In this podcast I discuss Demi Glace, Glace di Viande, and how it relates to the modern mother sauce, Reduction.
This question comes in via a comment from Jyoeru Zaberu on the YouTube page for my Three Modern Mother Sauce Lecture.
"Exceptional video! Thank you so much for your detailed (and even scientific) analysis of sauce making. My MAIN question for you is ratios. What is the ratio of bone/veg/water for a stock? For a demi-glace? Etc.
I have always done my stocks well, but they always taste watery and boring. I feel like there's a ratio (in general) that should be discussed.
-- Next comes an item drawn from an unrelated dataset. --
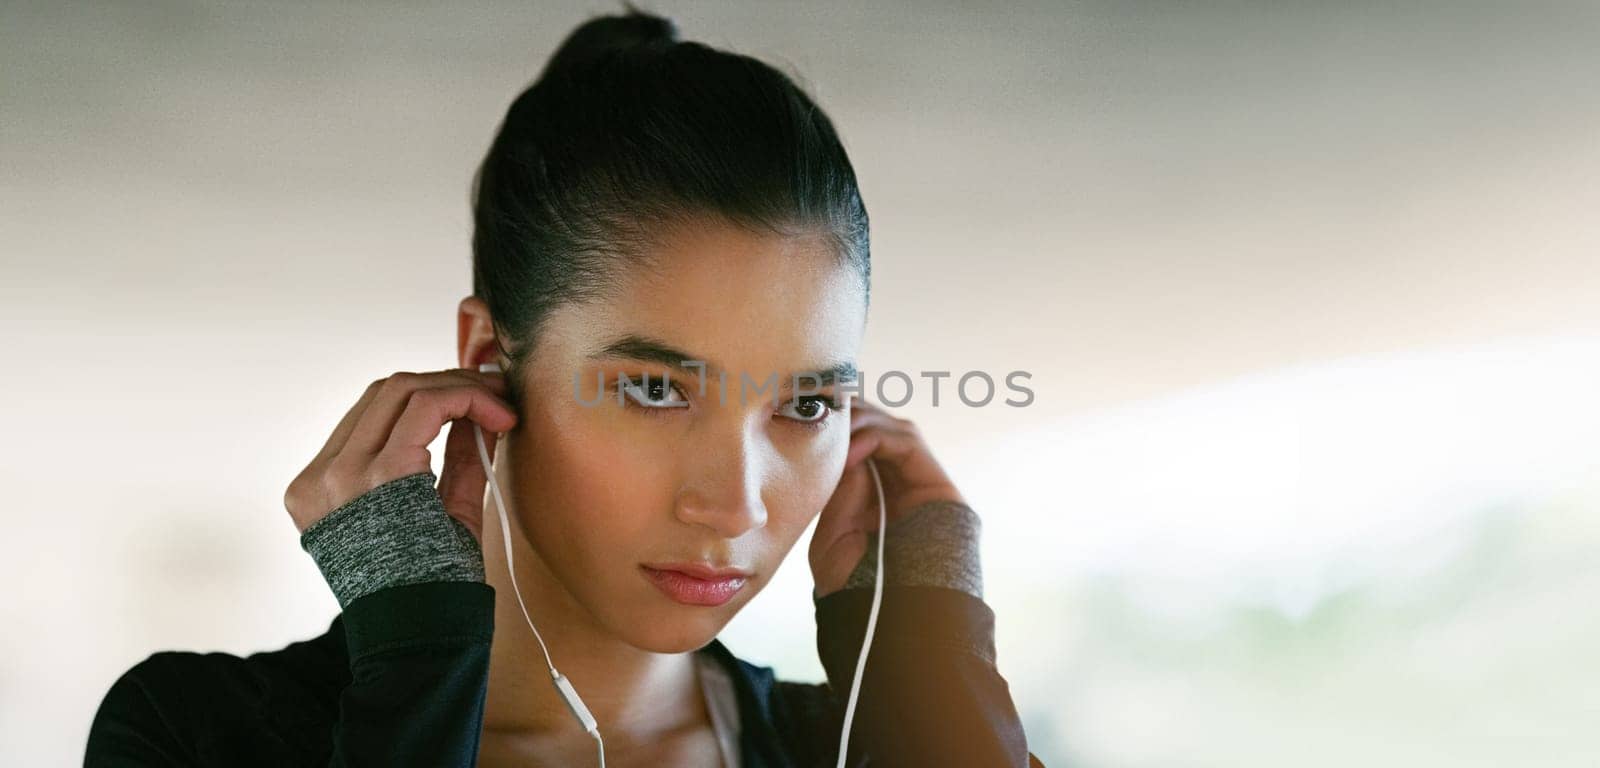 Fitness, focus and woman with earphones for streaming music, listening to podcast or radio station. Serious, sport and female athlete for running, morning workout or cardio exercise on banner.

Just as a roux is usually 1T of fat to 1T of starch (flour), I feel like there's a bone to water ratio for a rich, flavorful stock. I think it's denial on my end that keeps me from accepting this true ratio.
When I spend 20 bucks on beef bone (about 5 pounds), I want this to be enough bone for a pot full of rich stock. It rarely is. Seems to me that what we are looking for is about 5 pounds of bone material for 1 cup of true stock. I haven't done the work yet for this to prove, and I hesitate because that will mean I am spending about 40 bucks for a pot full of true stock (meaning stock that is at the right ratio of molecules other:water).
A couple cups of store bought stock costs a few bucks. Surely they don't have THAT MUCH of an advantage to us in bone costs! But if this is right, this means my bowl of homemade soup costs about 10 bucks for a serving compared to buying the store's products at a fraction.
Seems to me that full-on from-scratch cooking should be CHEAPER than buying the processed crap at the store! Any thoughts on this tangent? (And this leads to other thoughts about demi-glace and so on)
Jacob Burton Thanks for the reply! For now, I think the questions are all on the table:
- What is the proper bone:veg:water ratio for rich stock
- At what point from here are we at a demi-glace (I assume half of half)
- At what point are we at a glaze? (I assume 10% of half of half--such that we reduce water by 1/2 for stock, 1/2 (or 1/4) for demiglace, and quite a bit more for a general beef (or other) glaze."